The increased capabilities of deep sequencing technologies have transformed our ability to interrogate pooled libraries of variants under selection or screening conditions (Fowler and Fields, 2014). In particular, protein sequence-structure-function studies are benefiting from the ability to comprehensively survey the functional effects of all possible single point mutants in experiments that have come to be called ‘deep mutational scans’ (Araya and Fowler, 2011; McLaughlin et al., 2012). Deep mutational scanning experiments are revealing new dimensions of protein stability (Araya et al., 2012), substrate specificity (Shah et al., 2018; Wrenbeck et al., 2017) and regulation (Bandaru et al., 2017). These experiments also provide insight into the evolutionary significance of the spectrum of mutational effects on fitness. For example, recent studies have also used deep mutational scanning to probe how mutations are tolerated in different sequence backgrounds, reflecting the local sequence space tolerated over long evolutionary timescales (Starr et al., 2017, 2018). These experiments rely on the connection between the character of the laboratory selection (or screen) and the pressures experienced by populations of organisms in the natural environment. Indeed, comparing phylogenetic analysis of naturally occurring variation between homologs with deep mutational scanning data of a single protein can reveal sites that are experiencing different selective pressures in nature versus the laboratory (Hilton et al., 2017). Across many studies, a general trend has emerged with the expected general correlation between sites that are poorly conserved in evolution tolerating more substitutions more readily in deep mutational scanning experiments and with highly conserved sites being less tolerant to substitutions.

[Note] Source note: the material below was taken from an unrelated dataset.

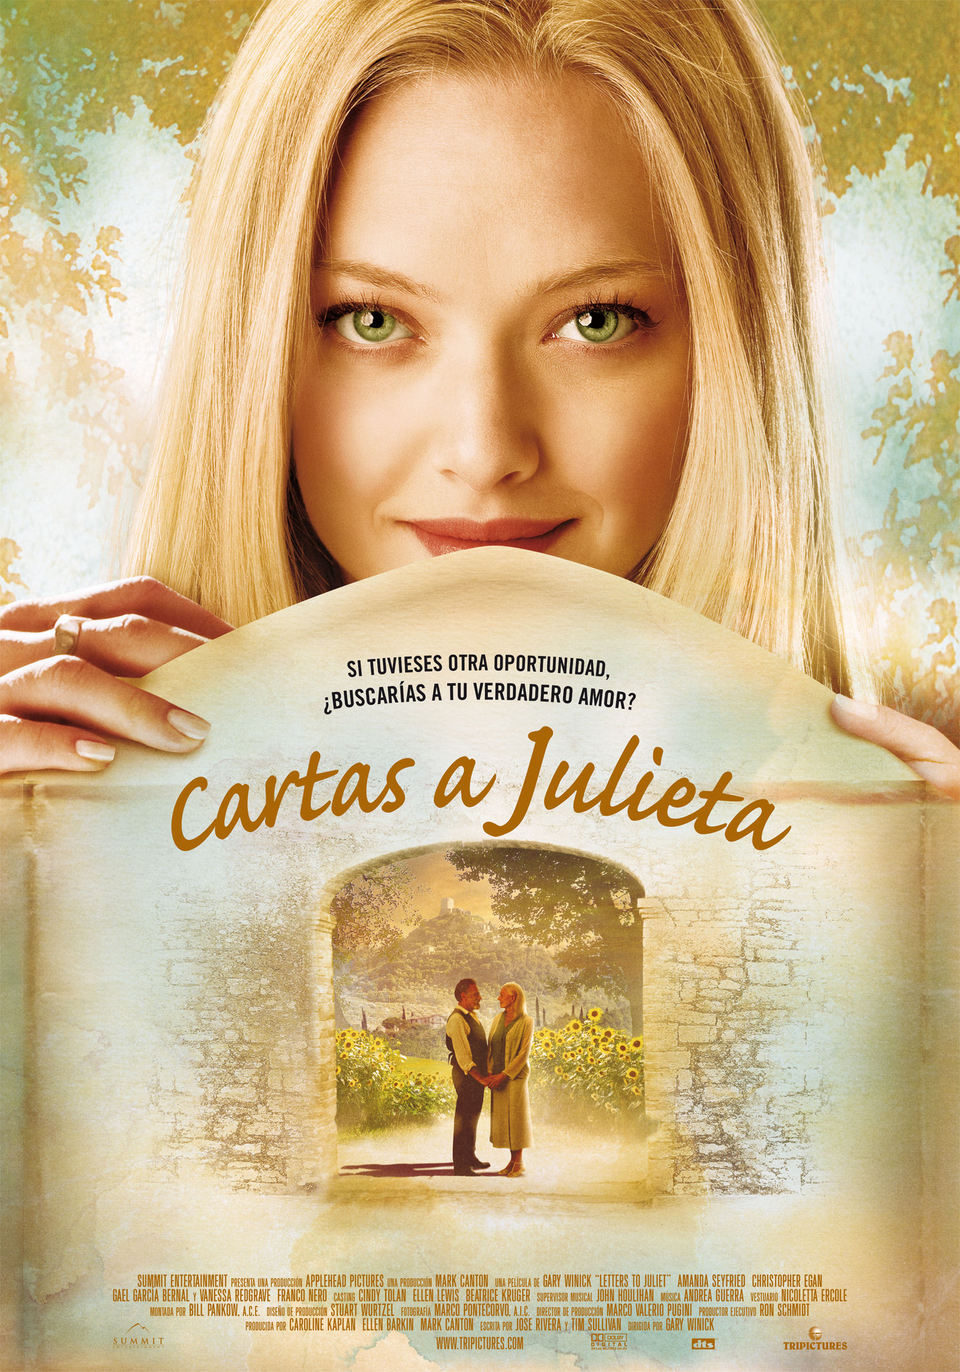 Cartel de Cartas a Julieta - España

One interesting contrast to the general trends between evolutionary sequence conservation and deep mutational scanning tolerance to substitution is the protein ubiquitin (Ub), an essential eukaryotic protein that acts as post-translational modification to mediate the degradation of ∼80% of the proteome (Yau and Rape, 2016) and is also one of the first proteins subjected to a yeast-based deep mutational scanning experiment (Roscoe et al., 2013). The amino acid sequence of ubiquitin has been strikingly stable throughout evolutionary time: between yeast and humans, there are only three amino acid changes (96% sequence identity) (Finley et al., 2012). However, deep mutational scanning experiments in yeast have revealed that Ub is surprisingly robust to sequence changes, with 19 positions freely mutating to almost any other amino acid without a loss of fitness (Roscoe et al., 2013). Some of this pattern could be rationalized structurally: a sensitive structural surface is the known interface for many binding partners, whereas the positions that are tolerant to mutation make few contacts with structurally characterized binding partners (Roscoe et al., 2013). However, the outstanding disconnect between strong constraints during natural evolution and tolerance during laboratory selection remained unaddressed by the original study.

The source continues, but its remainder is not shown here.